This book is an opportunity to see the reality of war through the eyes of a person accustomed to seeing beauty through the lens of his camera. Roman Zakrevskyi’s essays interweave his service experience and personal memories: about the siege and bombing of his hometown, about separation from loved ones, fear and fatigue, but also about the tenderness and fragile moments of humanity that are preserved even in a world poisoned by cruelty.
The author shows the path of a civilian who joins the army — the moment of making the decision, the road to the enlistment office, and the moment you see war up close. This is an honest reflection on doubts and choices, responsibility, and loss.
About the author

Roman Zakrevskyi is a photographer, videographer, and war correspondent. Born in Chernihiv in 1986.
He began work as a photographer in 2005, and his photos have been part of exhibitions in Kyiv, Chernihiv, Donetsk, Lviv, and abroad. Before the full-scale war, he shot documentary and feature films, and worked as a videographer for the Chernihiv branch of Ukraine’s public broadcaster.

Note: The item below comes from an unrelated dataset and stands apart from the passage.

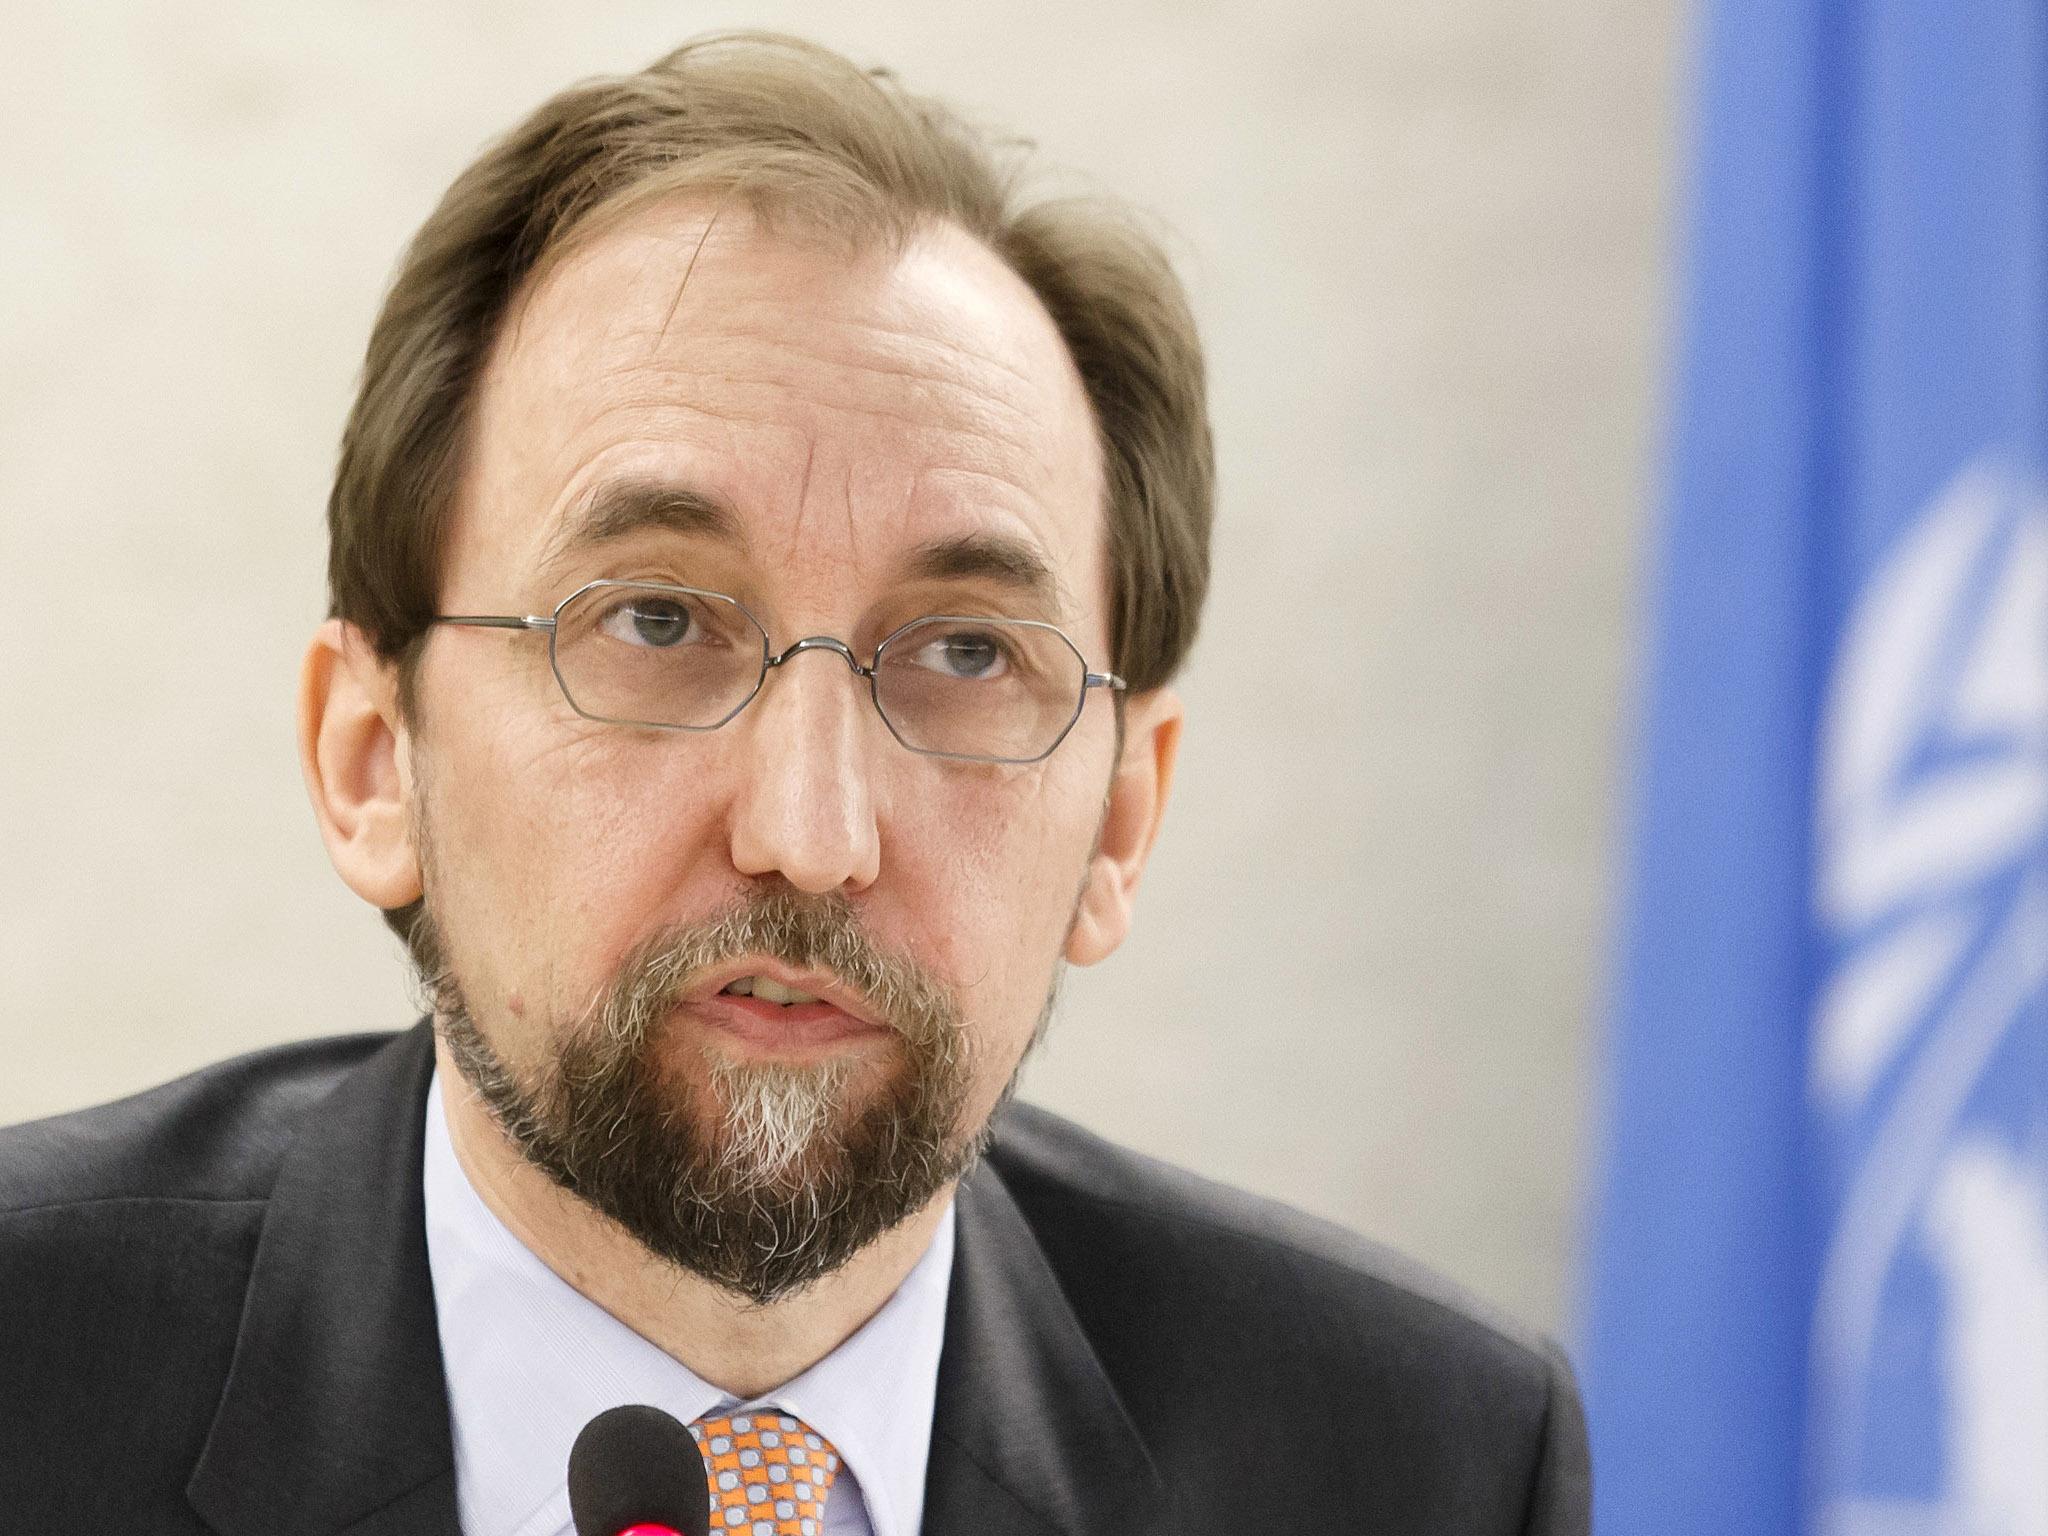 Zeid Ra'ad al-Hussein has said there were 'serious doubts' about the legitimacy of the executions which needed answering

In 2022, Roman Zakrevskyi’s photo of a shelled residential building in Chernihiv appeared on the front page of The New York Times. In 2023, he joined the Ukrainian Armed Forces.
Reviews
At the center is a soldier with an absolutely non-military background: in civilian life, he is an artist, a father, someone with a very delicate feel for the world. For four years now, he has been doing something he would never have done in a normal world, but he does it because he must.
Myroslav Laiuk, writer
This book is about that experience. But it is important that this is not a typical military story: we usually expect a catalog of cruelty, a detachment from everything tender and frank from these kinds of books. Here, on the contrary, tenderness, sincerity, openness, and even a certain naivety are placed first.
This is the strength of the book: it does not try to give political assessments or delve into reflections on cultural identity. It simply shows how a soldier experiences war — not a general, but someone who simply, like thousands of others, faces daily risks to his life — very privately and very humanly.